▶ [Dataset extract]:

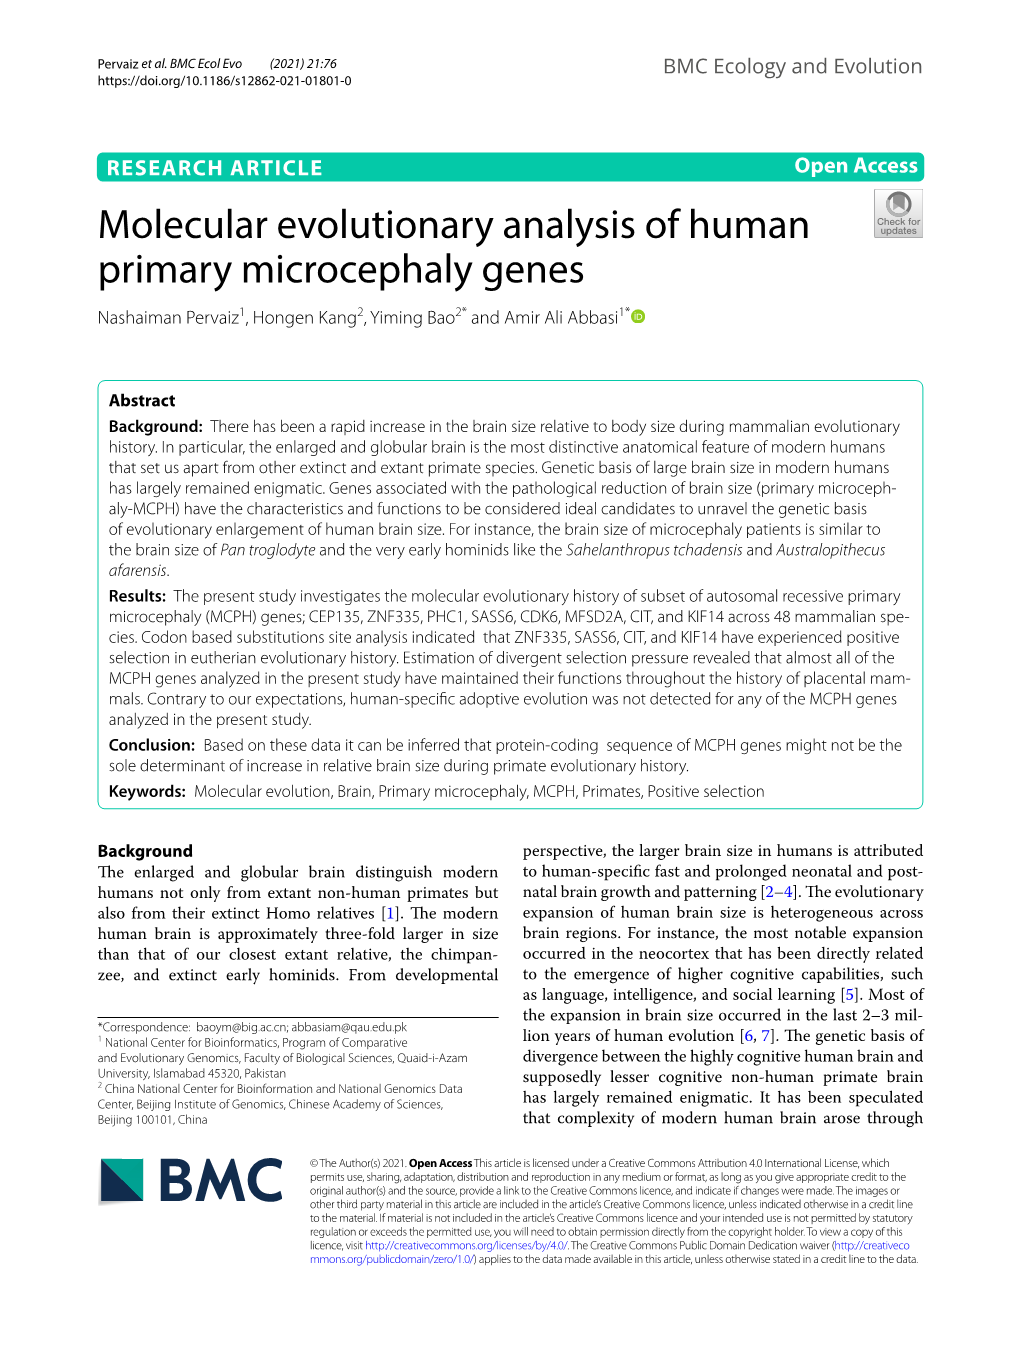 Molecular Evolutionary Analysis of Human Primary Microcephaly Genes Nashaiman Pervaiz1, Hongen Kang2, Yiming Bao2* and Amir Ali Abbasi1*
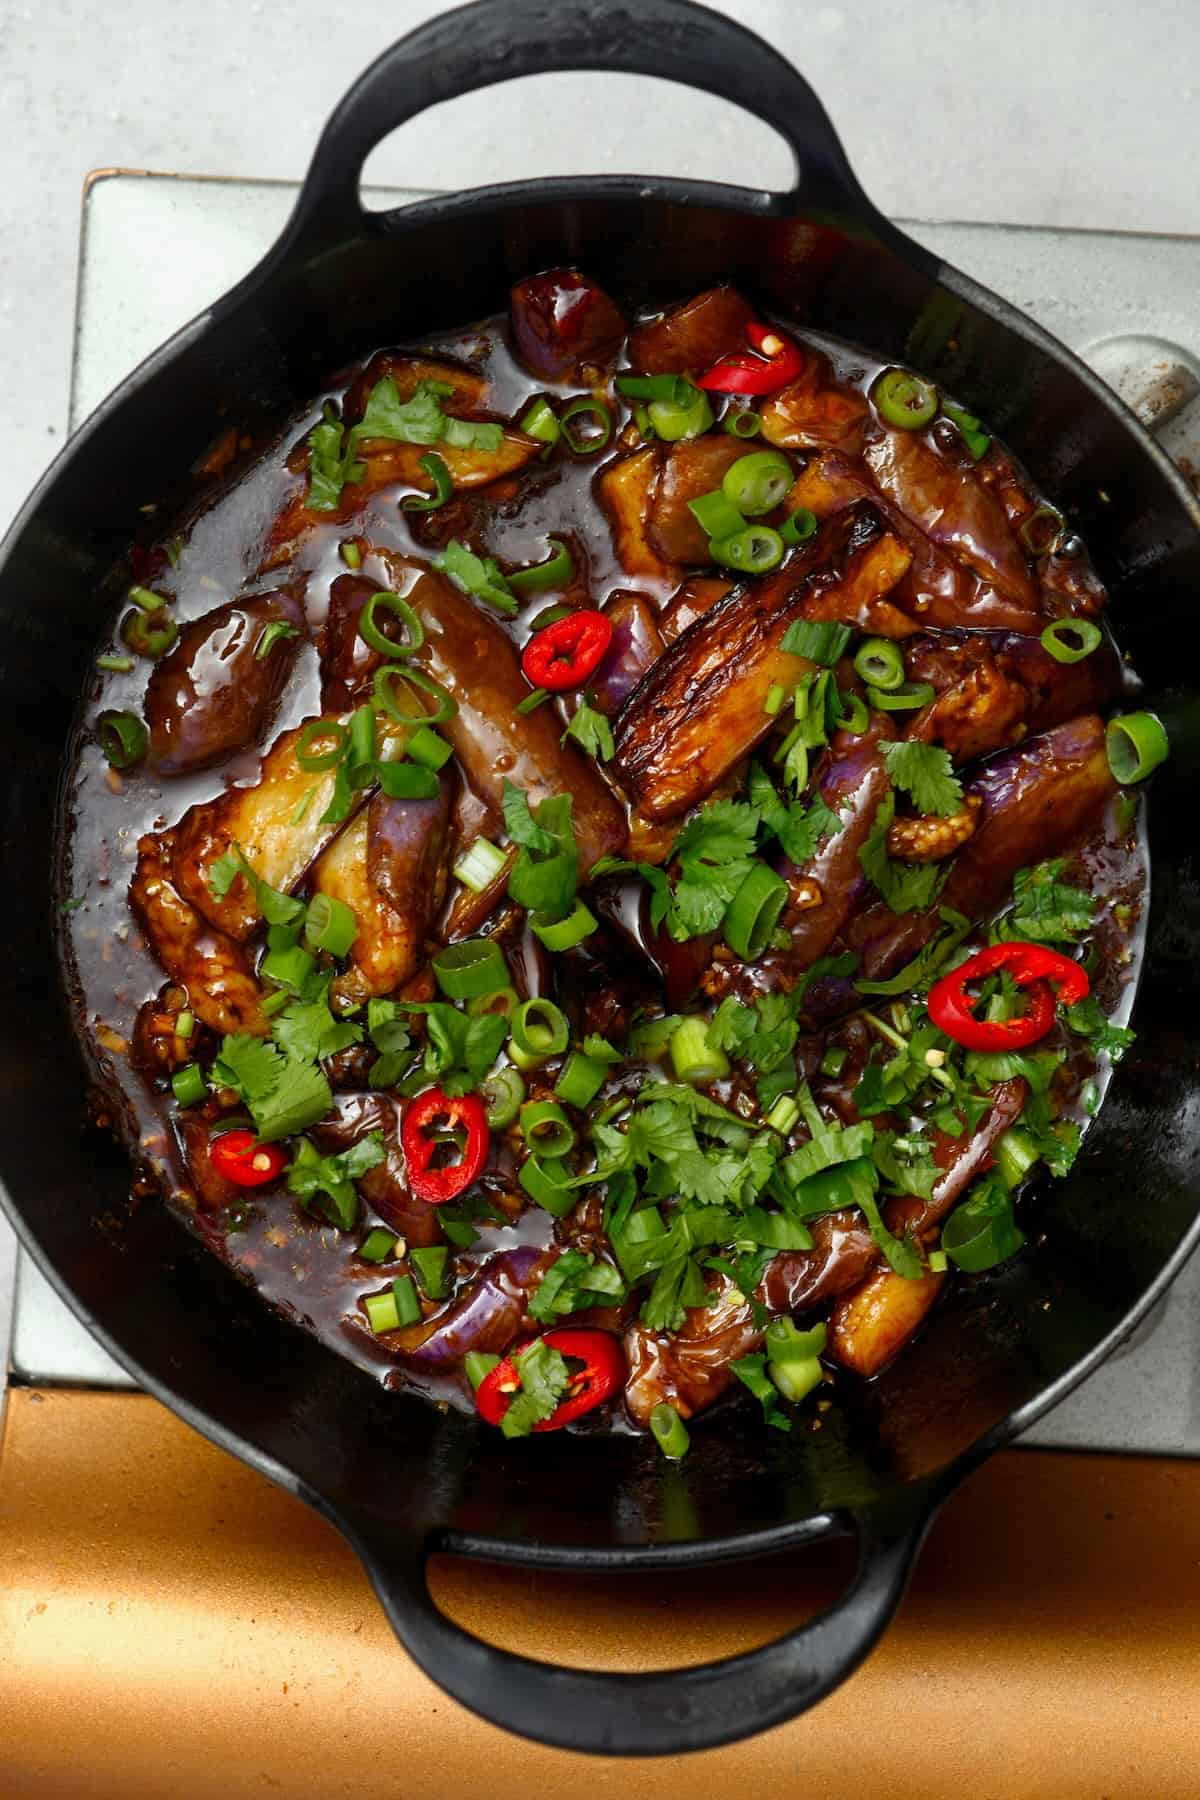 Chinese eggplant stir fry in a wok
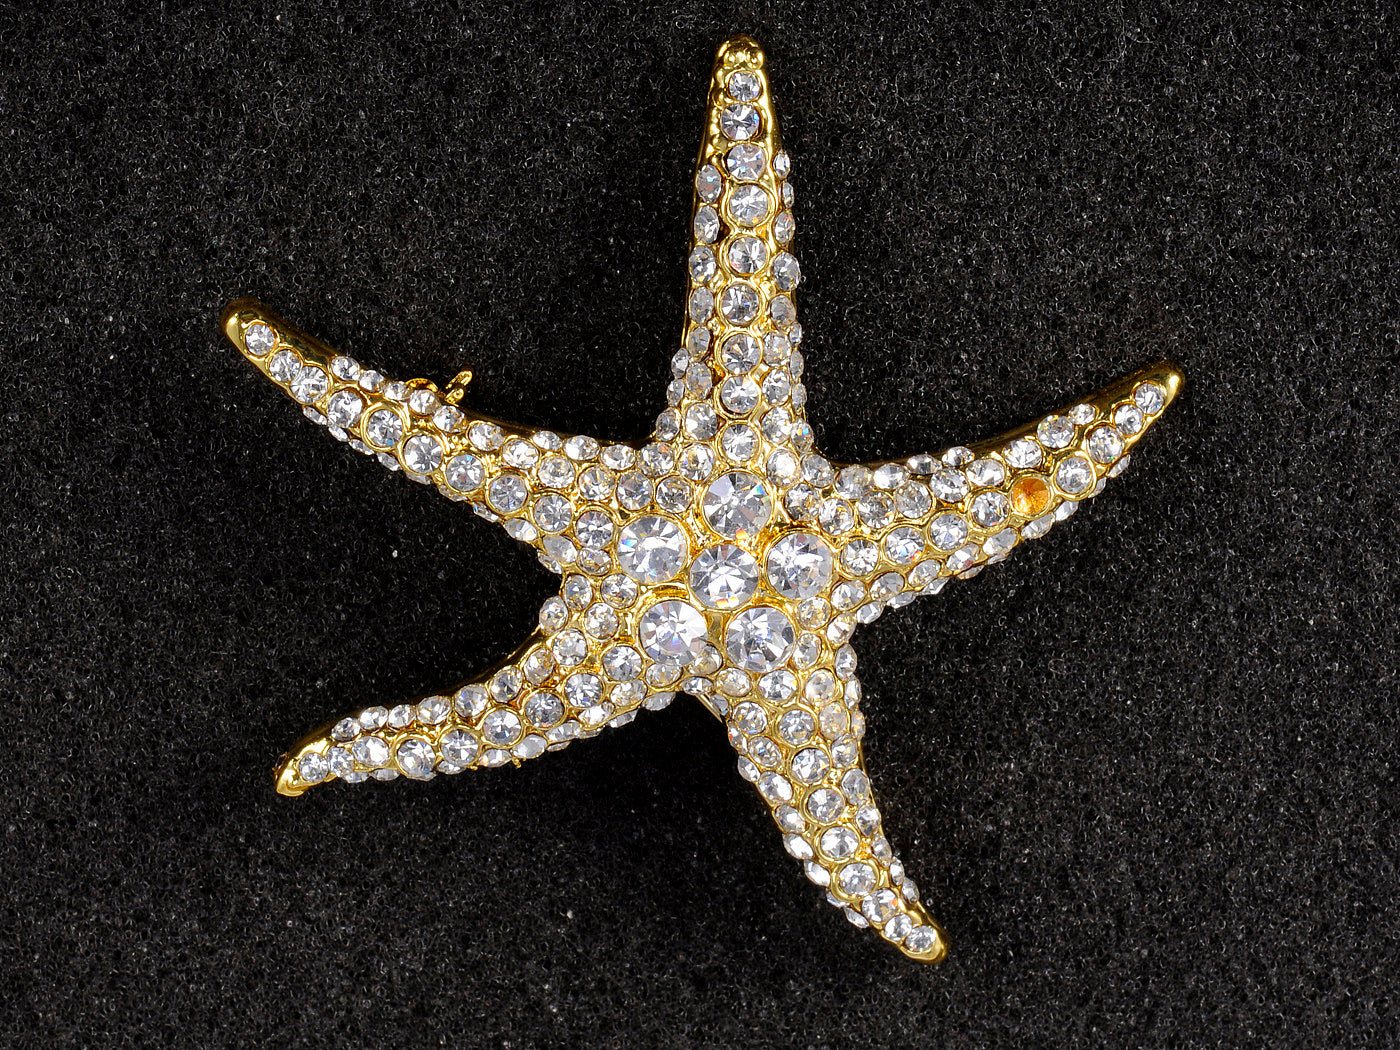 Colored Sea Starfish Brooch Pin

▶ [Your task]: An exact copy of the material above is required, free of any pictures.

▶ [Answer]:
 Molecular Evolutionary Analysis of Human Primary Microcephaly Genes Nashaiman Pervaiz1, Hongen Kang2, Yiming Bao2* and Amir Ali Abbasi1*
 Chinese eggplant stir fry in a wok
 Colored Sea Starfish Brooch Pin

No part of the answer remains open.